Lackadaisical NHS trusts to blame for WannaCry ransomware compromise, concludes National Audit Office

Department of Health warned of rising IT security risks a year before WannaCry, but NHS trusts ignored advice, claims NAO

The National Audit Office (NAO) has pointed the primary finger of blame at lackadaisical NHS trusts for the spread of the WannaCry ransomware that affected at least 81 out of the 236 NHS trusts across England in May this year.

The ransomware also affected a further 603 primary care and other NHS organisations, including 595 GP surgeries.

A review into IT security across the NHS commissioned by the Secretary of State for Health had warned a year before that healthcare IT systems might be vulnerable to compromise.

That review had recommended that "all health and care organisations needed to provide evidence that they were taking action to improve cyber security, including moving off old operating systems," according to the NAO report published today.

But the report adds that "the Department and its arm's length bodies did not know whether local NHS organisations were prepared for a cyber attack".

The NAO makes clear that the NHS trusts and other decentralised organisations themselves, not the Department of Health, based in Whitehall, were primarily responsible for their IT security.

In particular, the Department of Health had repeatedly urged NHS trusts and other public-sector healthcare organisations to put in place "robust" migration plans to shift from the out-of-support Microsoft Windows XP operating system since 2014.

In addition, in March and April 2017 it had also "issued critical alerts warning organisations to patch their systems" with updates that would have prevented the spread of the WannaCry ransomware.

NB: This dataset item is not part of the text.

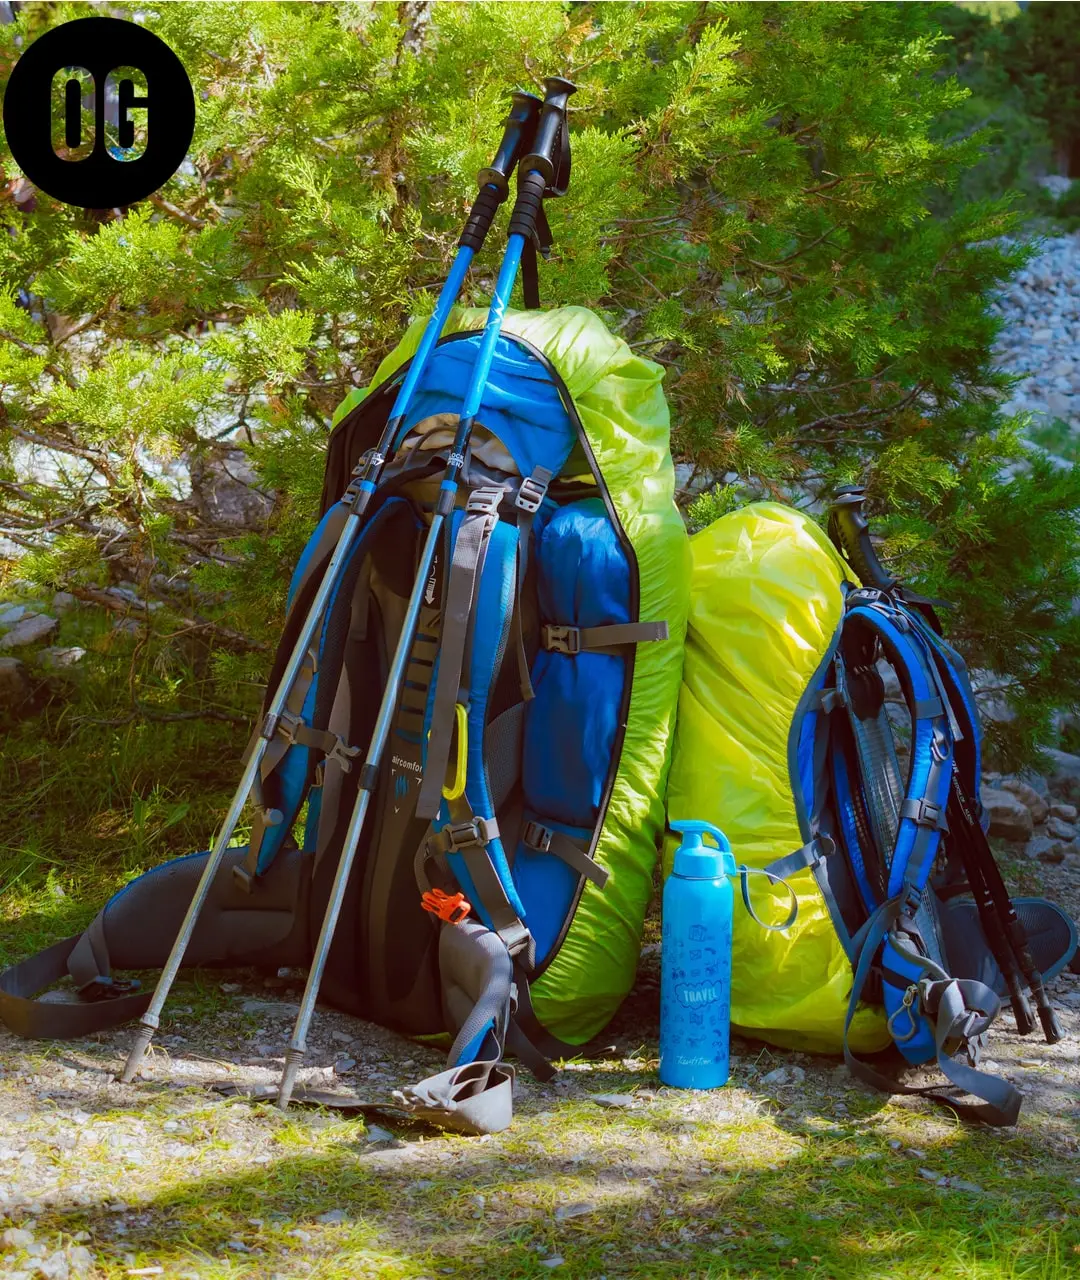 Essential Gear for Overnight Camping

The NAO adds, though, that the Department of Health "had no formal mechanism for assessing whether NHS organisations had complied with its advice and guidance".

Prior to WannaCry, NHS Digital had conducted on-site IT security assessments covering just 88 out of 236 NHS trusts - but none had passed, notes the NAO.

"However, NHS Digital cannot mandate a local [NHS] body to take remedial action, even if it has concerns about the vulnerability of an organisation," the report adds.

The report adds that NHS Digital told the NAO that it doesn't have evidence to suggest that any patient data was compromised as a result of the attack.